When people heard of Angie’s closure, or when they drove past it, they would shrug as if it was no great surprise. KL was full of places like that nowadays, they would say, opened and closed in no time at all. But they would snigger and add, under their breath: She didn’t know how to do business, that girl. She was an airhead rich kid who thought her father’s money would last forever. But, ah there , you see? Some more kena dump by that Lim boy. Serve her right . If you act big, that’s what happens. She didn’t know how to do business at all, that girl; she was really stupid.

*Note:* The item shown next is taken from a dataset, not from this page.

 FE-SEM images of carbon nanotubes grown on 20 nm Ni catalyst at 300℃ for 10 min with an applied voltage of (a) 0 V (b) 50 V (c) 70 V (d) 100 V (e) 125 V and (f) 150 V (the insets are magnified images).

IT WAS THREE MINUTES past the appointed hour — not a good sign. Up to that point, she had assumed only good things about her host, had imagined someone with perfect manners. Walter Chao. Even the name had a stylish elegance to it, a restrained old-world quality that suggested courtesy and understated flair in a city where such things seemed to have been swept away by the relentless advance of concrete and steel, bright lights and nightlife — the kind of fast living that she herself had become accustomed to. She looked at her BlackBerry: no message. Maybe she was being stood up; maybe she should start composing a message, tell him that she had suffered a malaise, that she had been forced to go home unexpectedly: leave him in the lurch before he did it to her. But, then again, she might never know what he was going to propose; she might miss the opportunity of a lifetime. She wasn’t here on a date, for goodness’ sake, she was here to do business. But was that really worth the risk of humiliation? She was just beginning to form the opening sentence in her head— so very sorry, but I must have eaten something bad at lunchtime —when she noticed the maître d’hôtel hurrying over to the table.
“Mr. Chao is coming up in the lift now,” he said. “He is sorry to be late. He rang and left a message with me about ten minutes ago, but I was away and I didn’t see it. I’m so sorry — please will you … be understanding when you speak to him. It’s so busy tonight and I just didn’t see the message.”

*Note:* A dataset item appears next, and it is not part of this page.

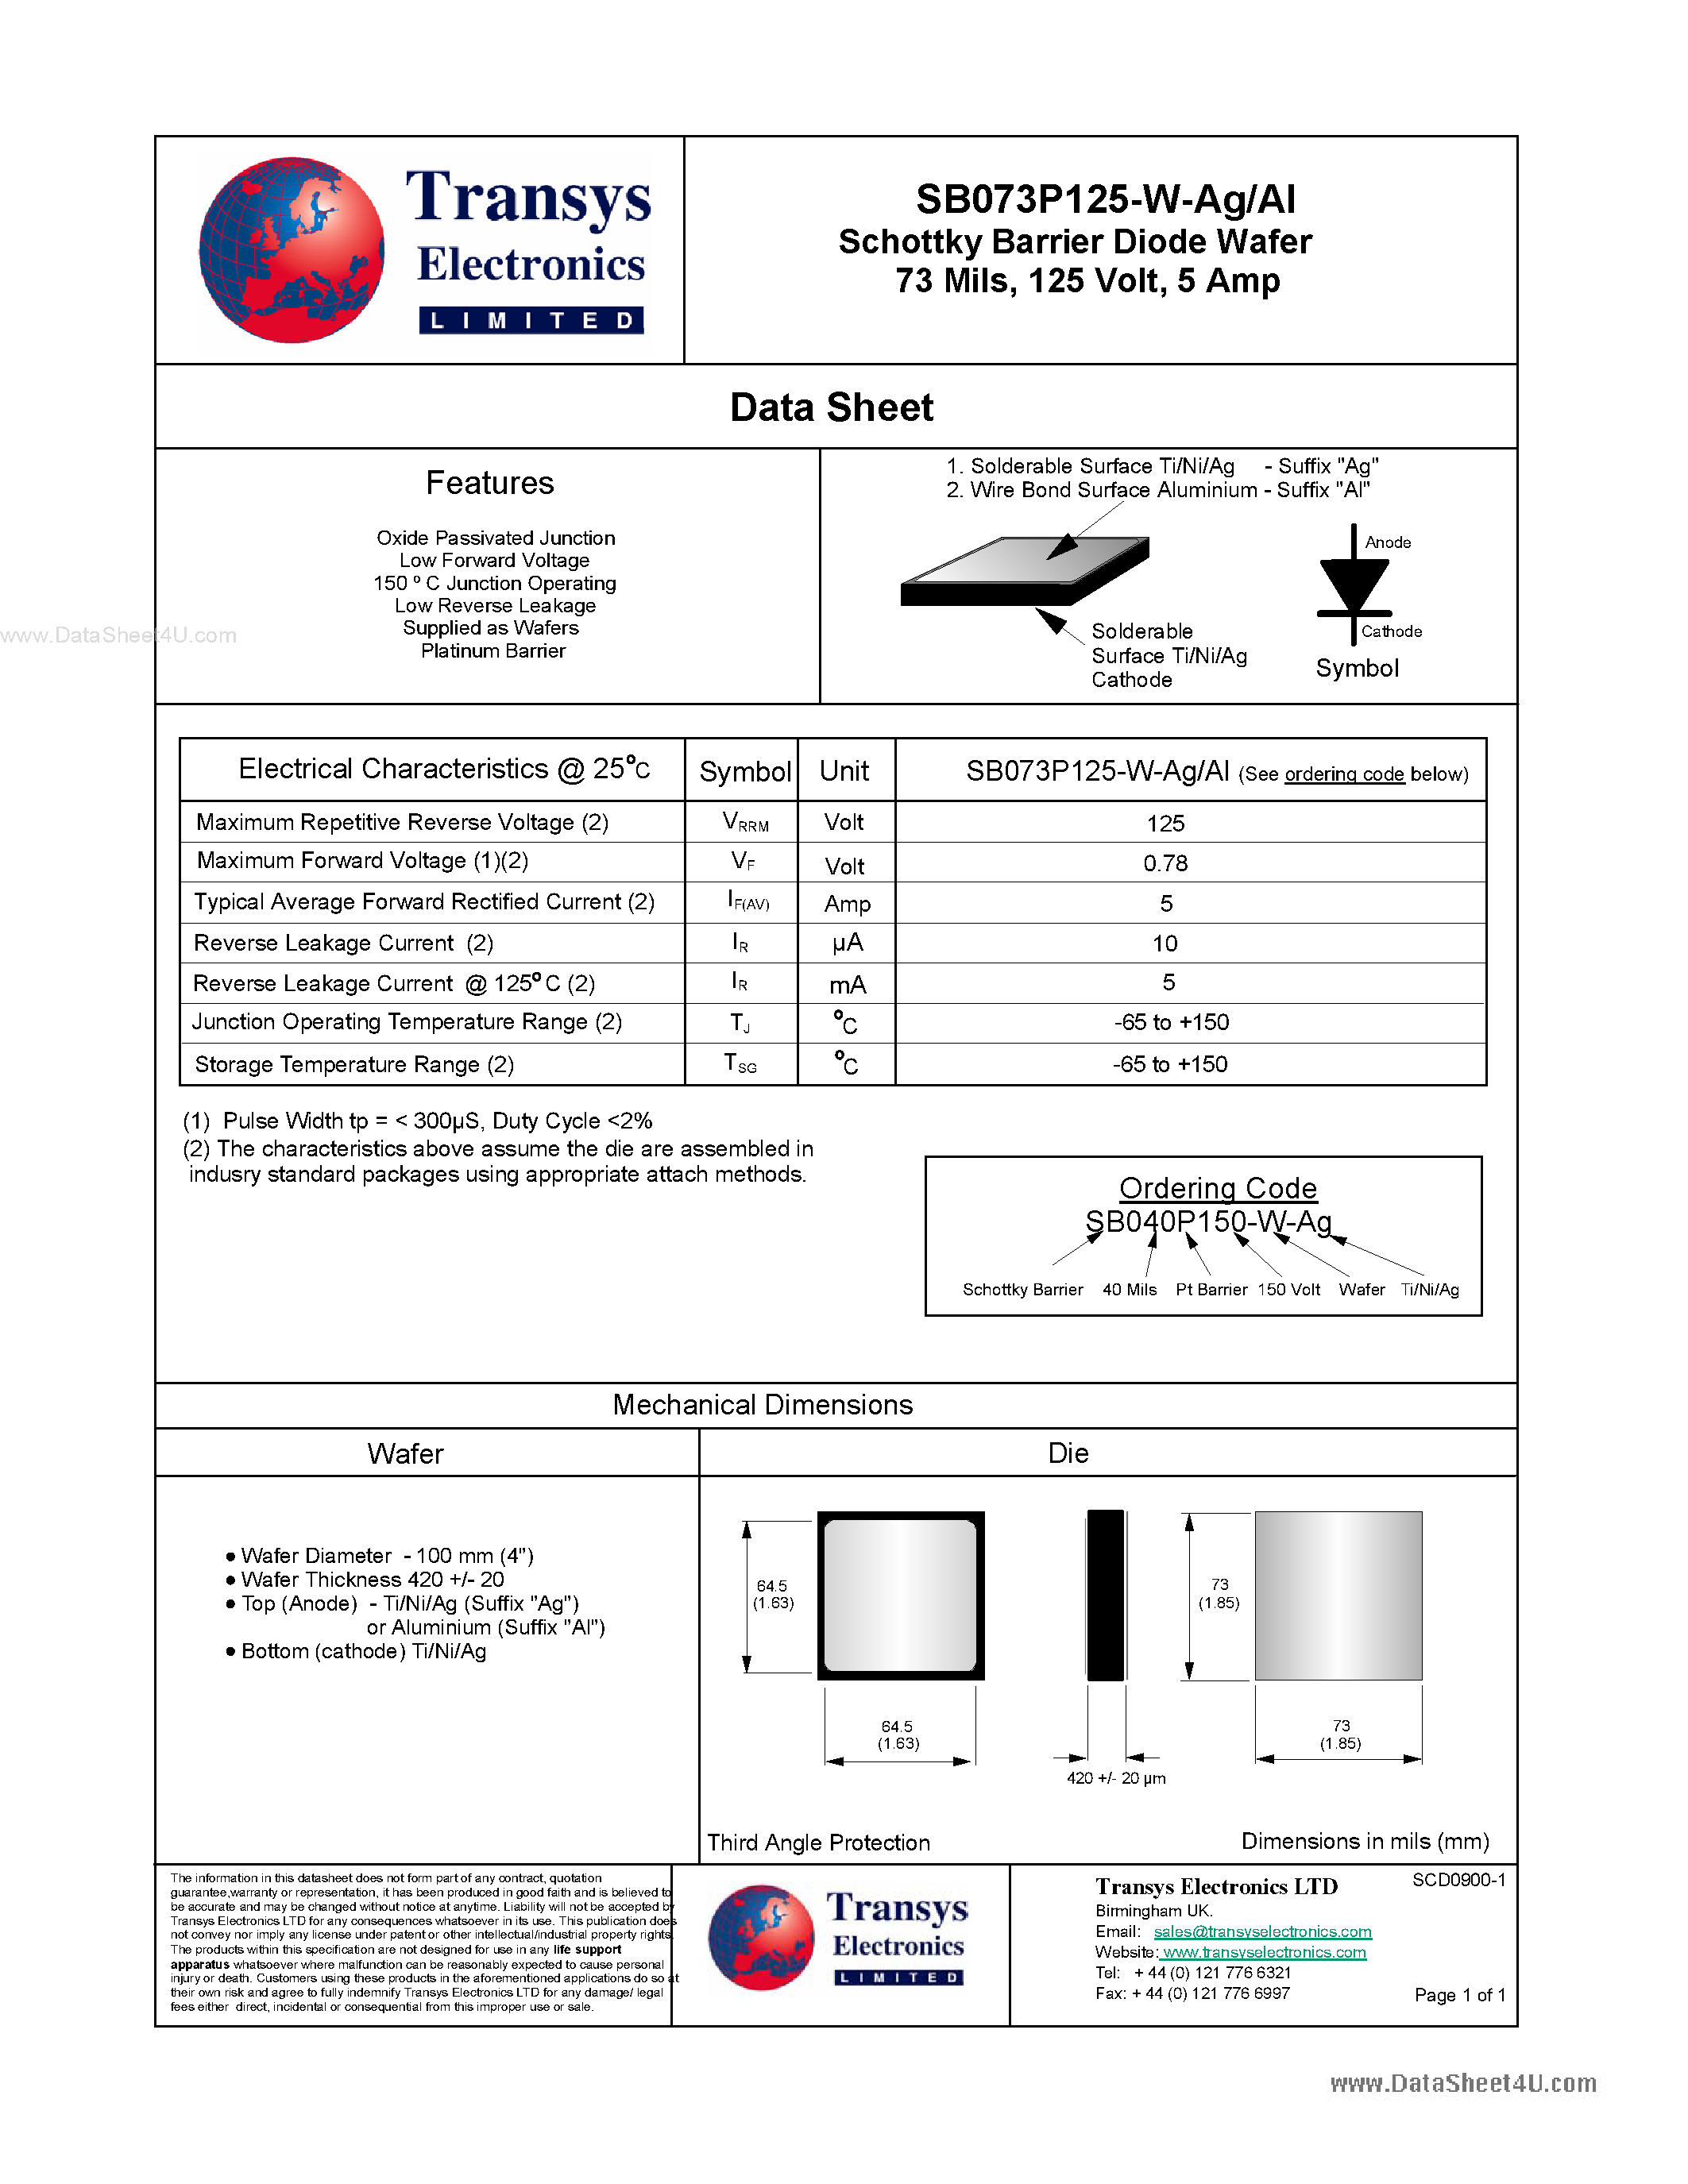 Datasheet SB073P125-W-AG - Schottky Barrier Diode Wafer page 1

Yinghui nodded and looked at her watch. 8:04 P.M. “Not a problem,” she said.
“Thank you, madame,” the maître d’hôtel said. His French accent was charmingly stereotypical; it amused her. She was going to have a good evening.
For the next minute or so she kept pretending to read the menu, but every so often she would shift her gaze subtly, taking in the people coming into the restaurant, trying to identify Walter Chao. A gaggle of smartly dressed businessmen gathered at the reception desk, handing over their camel-colored coats to the girls dressed in black trouser suits. A Middle-Eastern-looking man and his Chinese girlfriend stood waiting patiently in back of this group. Then, behind the crowd of people, she saw the maître d’hôtel holding out his hand politely but firmly in order to clear a space. Yinghui caught a glimpse of a light-gray jacket and sky-blue shirt. The maître d’hôtel hurried toward her like a one-man police cavalcade; she looked down at her menu, turning the page as if she were deep in concentration. When she looked up, she saw him inclining his head in a half bow; next to him was Walter Chao. She stood up and offered him her hand, which he grasped firmly without squeezing, while looking her in the eye.